Явилась из Углича и сватья Лизаветы Перфильев-ны — старая барыня Головина. Та привезла с собой пять кошек, и при каждой кошке по дворовой девке для ухода.
Стряпуха Варвара на людской кухне совсем с ног сбилась — легко ли накормить этакую ораву! Тут и своей-то дворни, слава богу, хватает, а с гостями сколько прибыло...
Готовка шла от зари до зари.
И на барской кухне тоже — готовить начинали с раннего утра, лишь к ночи еле управлялись.
Из деревень пришли обозы с морожеными гусями, утками, курами, индейками. С копчёной, вяленой и сушёной рыбой. Из кладовых то и дело выкатывали бочонками солонину и свинину. Вытаскивали кулями муку, крупу.
Обедать садилось человек до сорока. Обедали не меньше трёх часов. На обед подавали пять перемен, а сколько блюд в каждой перемене — и сосчитать трудно.
На святках в Ярославле так было почти в каждом помещичьем доме. Пиры шли за пирами. Вечерами маскарады, балы да ещё всякие другие увеселения.
Ярославцы хвалились: «У нас, как в Москве или в Санкт-Петербурге! Понимаем, как нужно время проводить...»
А Настя всё таскала и таскала воду. Для неё праздник был не праздник. Какое там! Сколько народу надо накормить, напоить, в бане помыть. И везде и всюду та водица, что таскает она с Волги.
Ввезёт во двор салазки с кадкой, перельёт воду в бочку, что стоит в сенях людской избы, или в другую, что при барской кухне, или в третью, что в бане, чуть переведёт дух — и снова по воду.
Насте в подмогу отрядили Груньку, скотницы Натальи дочку. Наталья слёзно просила: «Ты не замай мою Грунюшку, смотри, какая из себя хиленькая и годков ей мало»... У Насти — добрая душа. Пообещала беречь Груньку. Воду из проруби сама вытаскивала. Груне не давала. А Груня только салазки толкала, когда в гору тянули, да приглядывала, чтобы кадка с водой не свернулась набок.
А вода в проруби темна, холодна... Опустишь ведро, а его словно кто за дно ухватил и держит. Не похоже, чтоб в этой тёмной, студёной воде жила прекрасная царевна с глазами, как небесные звёзды. Небось на зиму уплыла далеко-далеко, в тёплые края. А сейчас подо льдом злые чудища подводные. Они и держат вёдра с водой, никак от них не вытянешь!
На седьмой день святок, как раз под Новый год, дед Архип поднялся с лежанки и сказал:
— Вы, девоньки, как проклятые... Вот уж истинно говорят: в чём кошке веселье, в том мышке слёзы. Сходите на ярмарку, погуляйте.
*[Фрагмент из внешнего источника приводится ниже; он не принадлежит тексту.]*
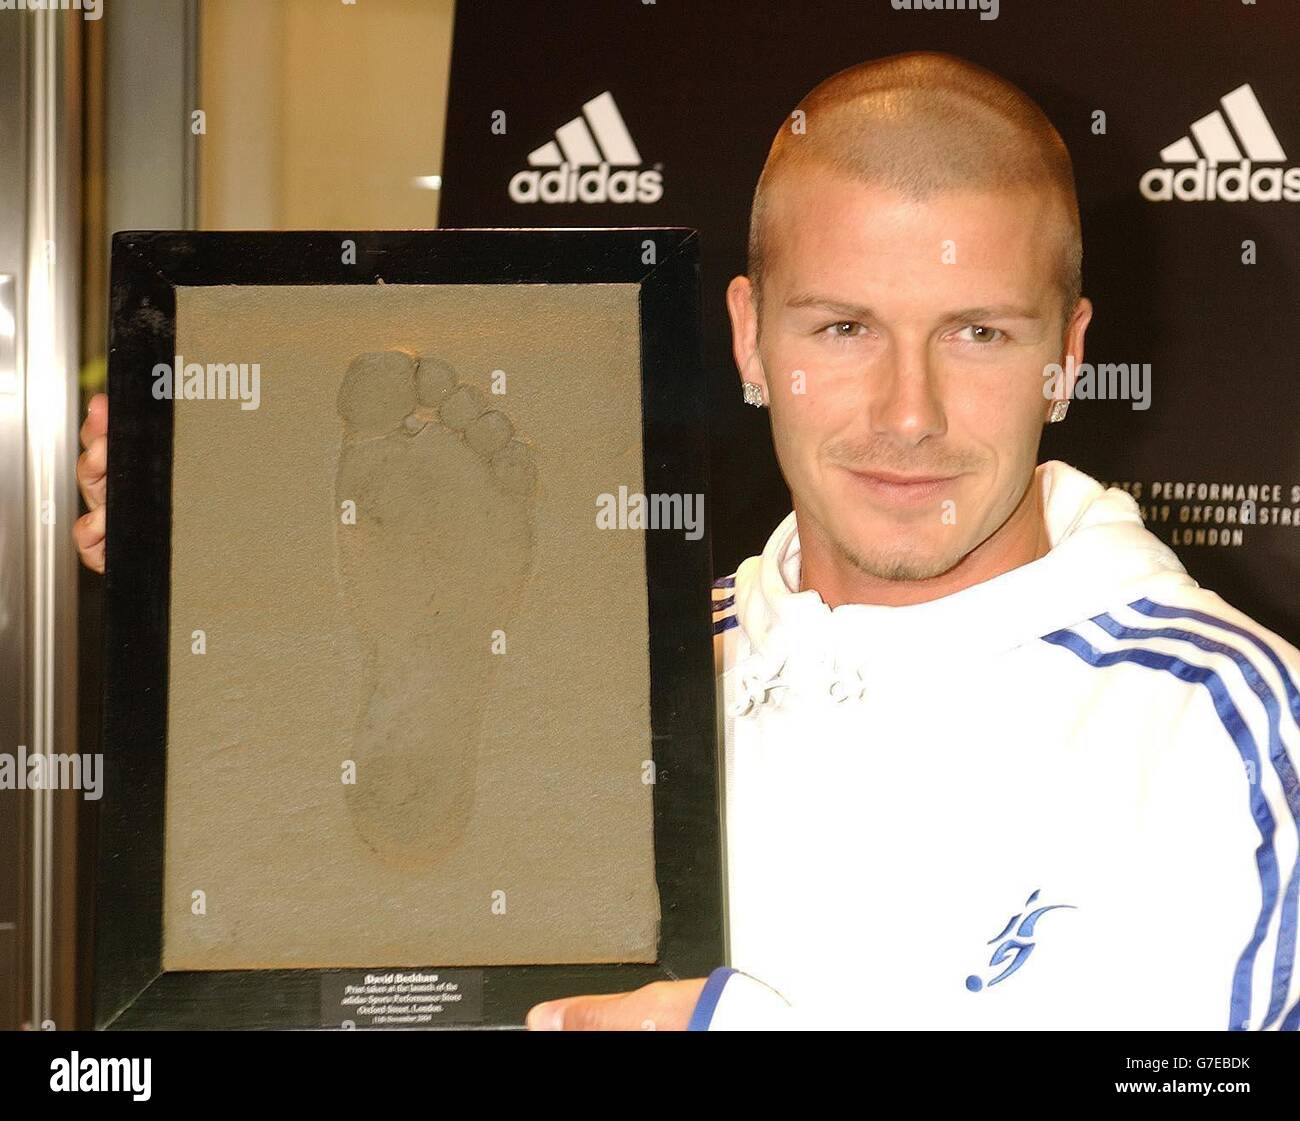 El futbolista del Real Madrid y de Inglaterra David Beckham con un yeso de  hormigón de su pie derecho, realizado en la tienda Adidas en Oxford Street,  Londres. La tienda Adidas abre

Ныне я повожу за вас воду.
И дал Насте и Груне по копейке, чтобы купили себе чего-нибудь ради праздника. Или орехов, или стручков цареградских сладких, или сушёных груш, что ли...
Дед — он богатый! Ему за лапти иной раз копейку дадут, иной раз и полторы копейки за пару.
Дедову копейку Настя спрятала.
Как же, будет она сласти себе накупать! Не маленькая, обойдётся и без орехов... А вот люди говорят, будто за смотренье в новом театре на Никольской улице деньги придётся платить. За какие места по шести копеек будут брать, за какие — только одну копейку.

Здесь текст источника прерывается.